Plot the linear fit along with the scatterplot:
ggplot(data = df, mapping = aes(x = loudness, y = valence)) +
geom_point() +
geom_smooth(method = "lm")
Whether a song is in a major key or a minor key could affect the relationship between valence and loudness. Expectation: ???
ggplot(data = df, mapping = aes(x = loudness, y = valence, col = mode)) +
geom_point() +
facet_grid(. ~ mode)
First, let’s fit the additive model:
fit <- lm(valence ~ loudness + mode, data = df)
summary(fit)
##
## Call:
## lm(formula = valence ~ loudness + mode, data = df)
##
## Residuals:
## Min 1Q Median 3Q Max
## -0.3945 -0.1170 -0.0027 0.1498 0.4119
##
## Coefficients:
## Estimate Std.

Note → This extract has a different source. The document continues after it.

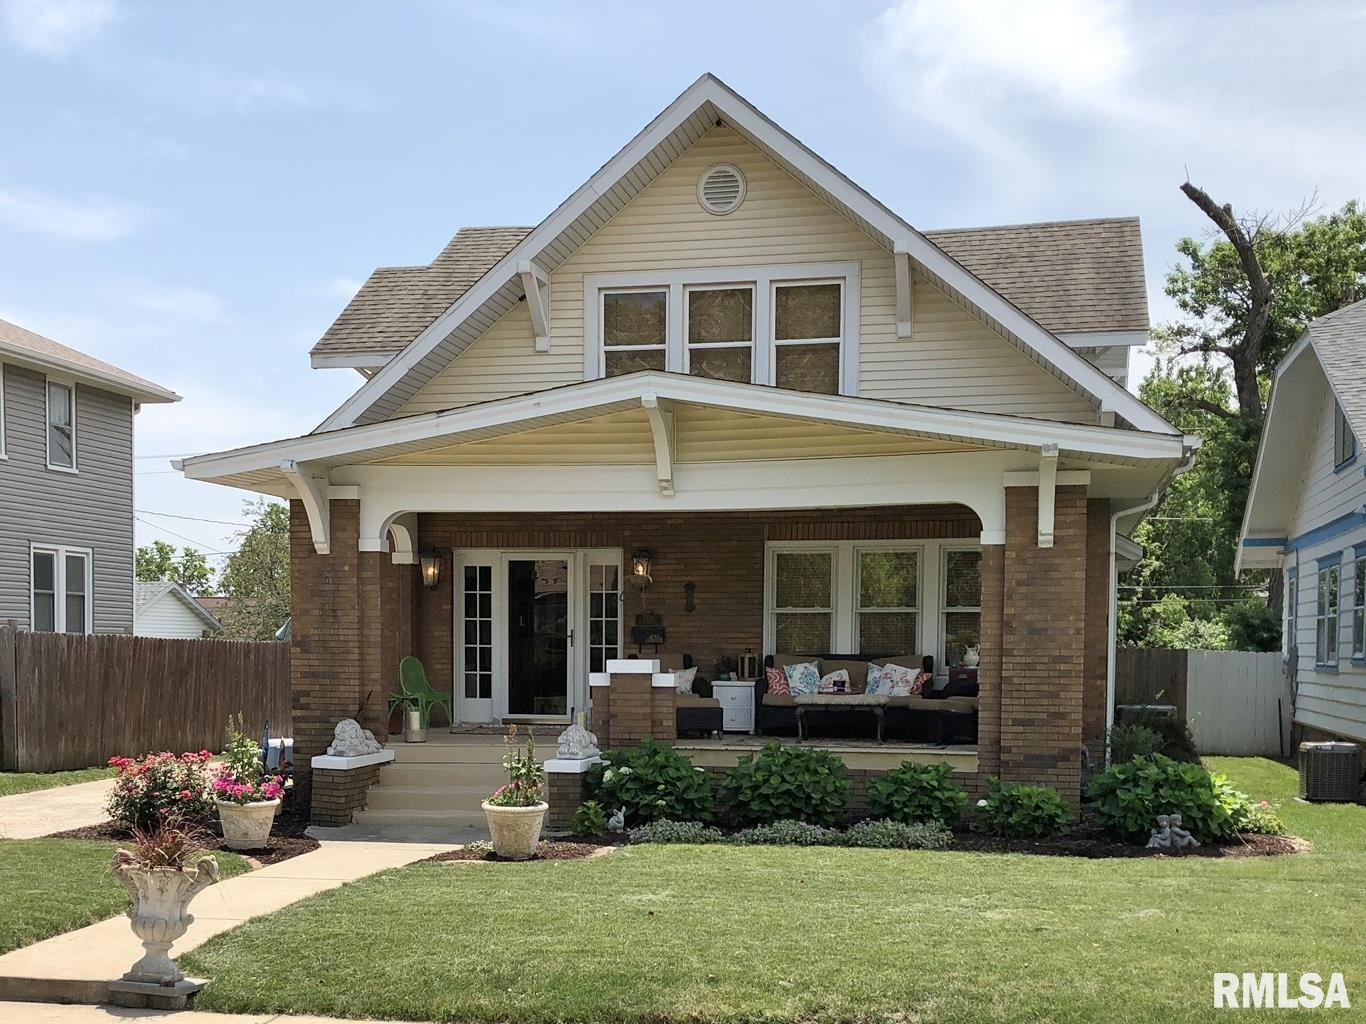 1318 E HILLCREST Property Photo - Peoria, IL real estate listing

Error t value Pr(>|t|)
## (Intercept) 0.79121 0.06839 11.569 < 2e-16 ***
## loudness 0.04912 0.01118 4.394 2.85e-05 ***
## modeMajor 0.00605 0.04061 0.149 0.882
## ---
## Signif. codes: 0 '***' 0.001 '**' 0.01 '*' 0.05 '.' 0.1 ' ' 1
##
## Residual standard error: 0.1996 on 97 degrees of freedom
## Multiple R-squared: 0.1664, Adjusted R-squared: 0.1492
## F-statistic: 9.684 on 2 and 97 DF, p-value: 0.0001464
In this model, it seems like whether a song is in a major or minor key doesn’t make a big difference.

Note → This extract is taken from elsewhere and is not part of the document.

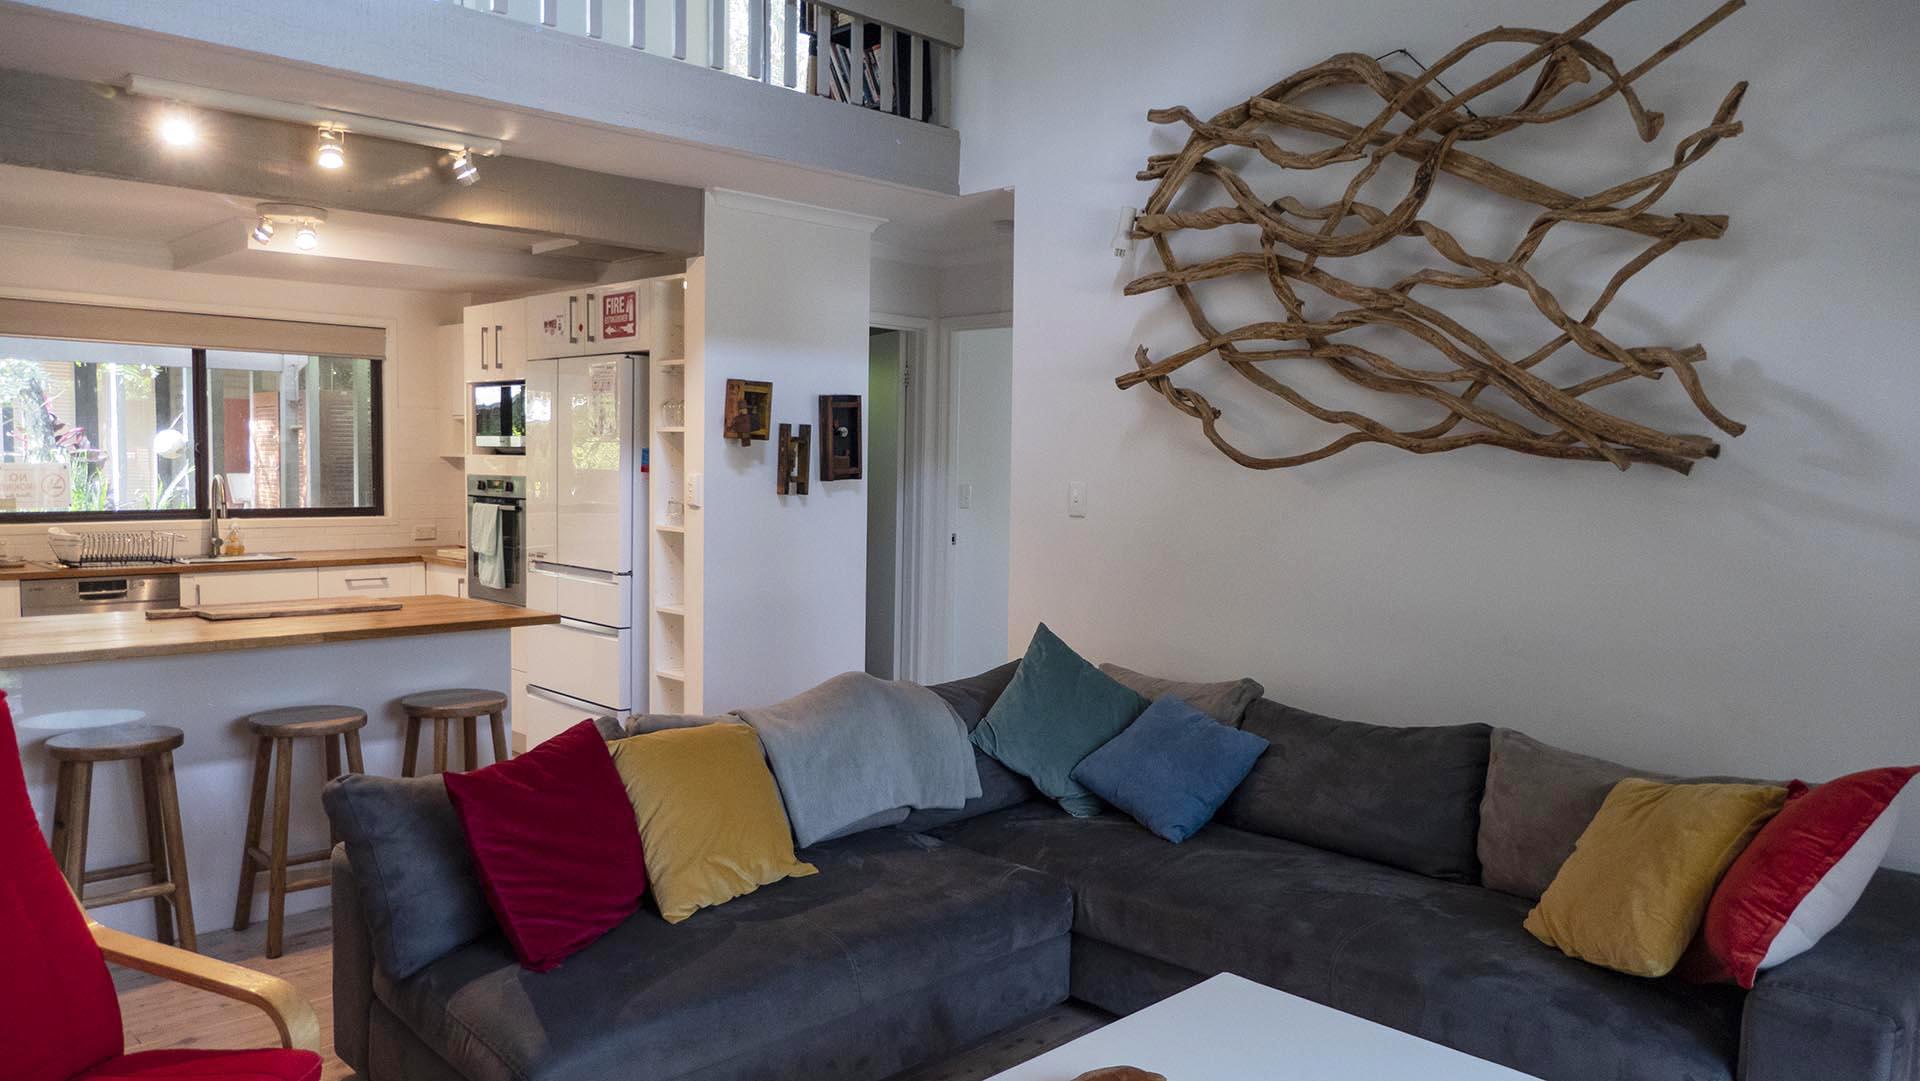 Copa Beachside Living Room adjacent to kitchen area

Next, let’s fit the model with interactions:
fit <- lm(valence ~ loudness * mode, data = df)
summary(fit)
##
## Call:
## lm(formula = valence ~ loudness * mode, data = df)
##
## Residuals:
## Min 1Q Median 3Q Max
## -0.39179 -0.12289 -0.00013 0.14712 0.42106
##
## Coefficients:
## Estimate Std. Error t value Pr(>|t|)
## (Intercept) 0.82557 0.09463 8.724 8.16e-14 ***
## loudness 0.05541 0.01638 3.384 0.00104 **
## modeMajor -0.06058 0.13270 -0.457 0.64905
## loudness:modeMajor -0.01186 0.02248 -0.528 0.59898
## ---
## Signif. codes: 0 '***' 0.001 '**' 0.01 '*' 0.05 '.' 0.1 ' ' 1
##
## Residual standard error: 0.2004 on 96 degrees of freedom
## Multiple R-squared: 0.1688, Adjusted R-squared: 0.1429
## F-statistic: 6.501 on 3 and 96 DF, p-value: 0.0004735
We can also draw the linear regression fits with the scatterplot:
ggplot(data = df, mapping = aes(x = loudness, y = valence, col = mode)) +
geom_point() +
geom_smooth(method = "lm", se = FALSE) +
facet_wrap(~ mode)
We can see a slight change in slope, but they look basically the same. This is more obvious when both are plotted on the same plot:
ggplot(data = df, mapping = aes(x = loudness, y = valence, col = mode)) +
geom_point() +
geom_smooth(method = "lm", se = FALSE)
Overall, it looks like whether a song is in a major or minor key does not have an effect on the tempo of the song. It also does not seem to influence the relationship between valence (a song’s happiness index) and loudness. As expected, there is a positive relationship between valence and loudness.